Transgender Athlete Schuyler Bailar Addresses Student Assembly

Schuyler Bailar has a ready laugh, an easygoing manner, and the physical ease and grace of a former star college athlete. He also has a remarkable story to tell, which he shared at an all-school meeting earlier this week: Bailar was the first NCAA Division I swimmer to come out as transgender.
In an hour-long presentation, much of it in the form of a Q&A session, Bailar kept students riveted as he told his story and invited students to ask questions, however difficult or uncomfortable those questions might feel. Assigned female at birth, he was candid about the struggles and the triumphs that accompanied his journey to embracing his identity as a man. 
Bailar’s visit to Rivers was part of a year-long DEI focus on “Gender: Beyond the Binary.” Other events have included presentations for parents, students, and faculty by teacher, author, and transgender advocate Alex Myers; on April 13 (rescheduled from February 16), Drs. Jeremi Moss Carswell P’22, ’24 and John McKenna will visit campus for a parent/caregiver session on supporting transgender, non-binary, and gender-diverse youth.
Bailar shared a slideshow of family photos from his childhood and teen years. He was humorously self-deprecating about his youthful fashion choices—zip-off cargo shorts, glasses with transitional lenses, a Justin Bieber haircut—but became more serious when describing the pressures to conform that accompanied adolescence. “In high school, I decided I needed to fit in,” he said. He showed a few slides of his younger self wearing dresses and makeup and sporting long, silky hair—unmistakably female and, he said, unmistakably miserable.
Through it all, there was swimming, the sport he pursued with a passion. He was talented enough to attract recruiters from a number of Ivy League colleges; he ended up choosing Harvard. But after high school, he could no longer deny the conflicts he felt within, and before heading to college, he spent several months at a residential facility to work on his mental health. His presenting issue was an eating disorder, but before the gap year ended, he had figured out that he was transgender.
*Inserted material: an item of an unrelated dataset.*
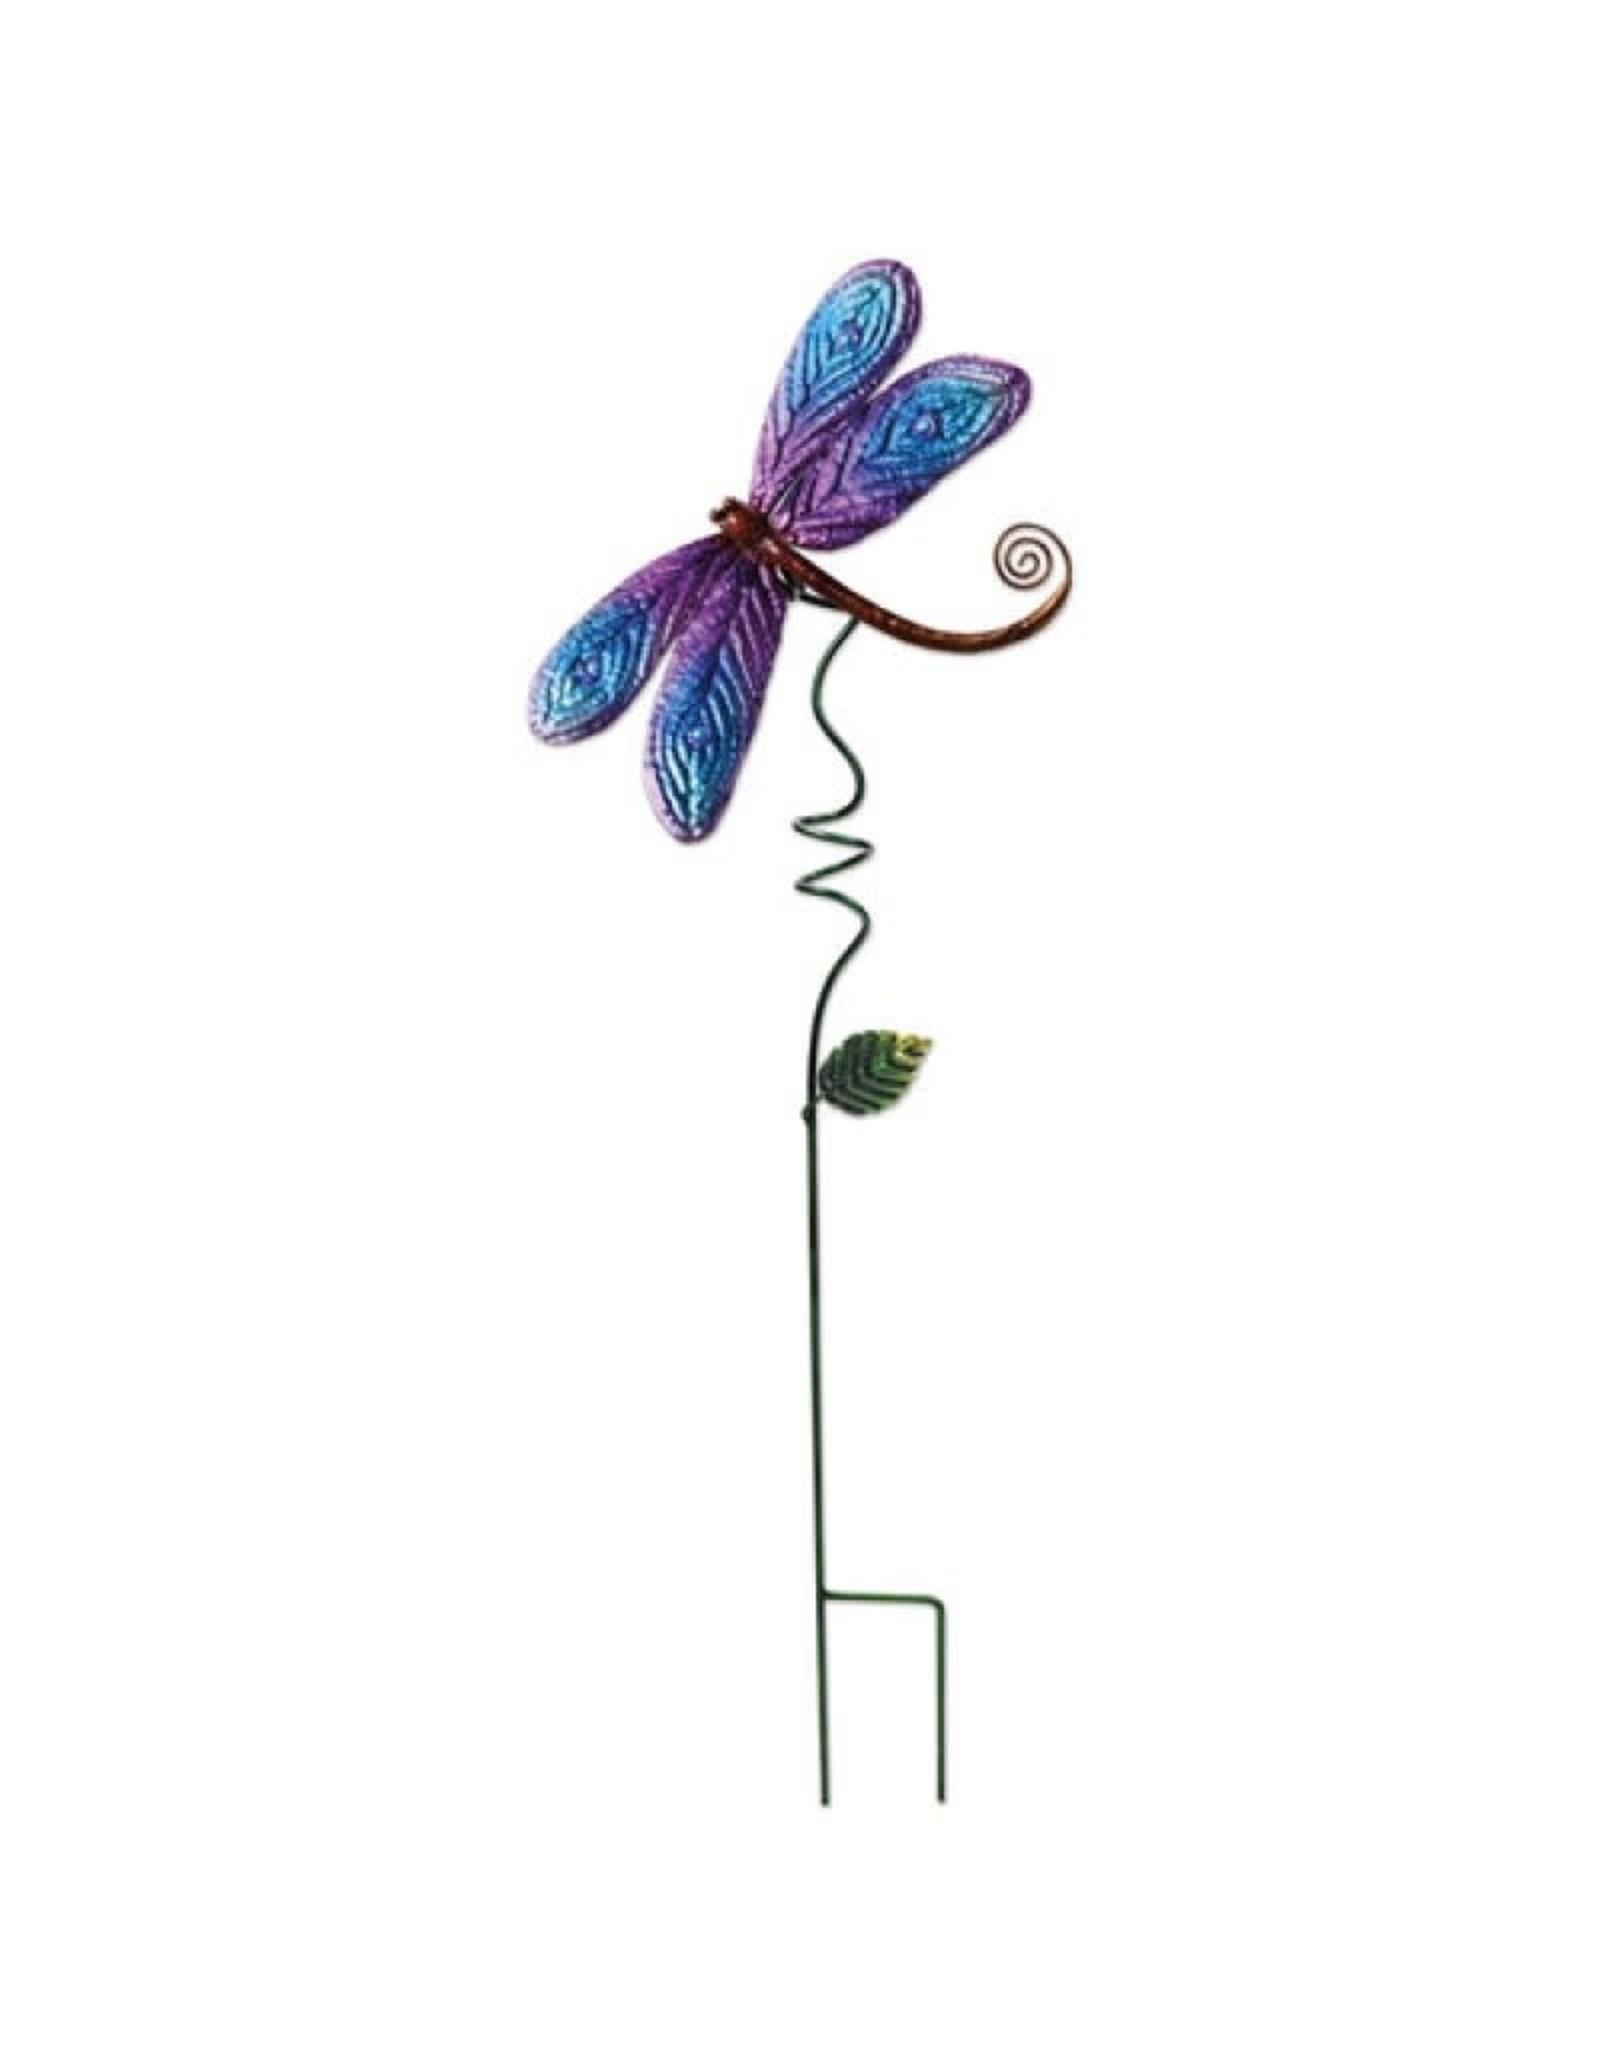 Garden Stake - Dragonfly Blue/Purple 28''

That’s how his personal journey became a public one. With the support of Harvard’s swimming coaches, Bailar made the difficult decision to compete on the men’s team, despite having been recruited for the women’s team. It was a groundbreaking move that turned his life in the direction of activism and advocacy for inclusion, body acceptance, and mental health.
At Monday’s presentation at Rivers, Bailar was disarmingly candid about his experiences. He had top surgery—a mastectomy—early on, and the scars were clearly visible when he wore a swimsuit. His teammates joked that he should pass it off as a shark-bite injury. “The funny thing was one, that they said it, and two, that it actually worked,” said Bailar.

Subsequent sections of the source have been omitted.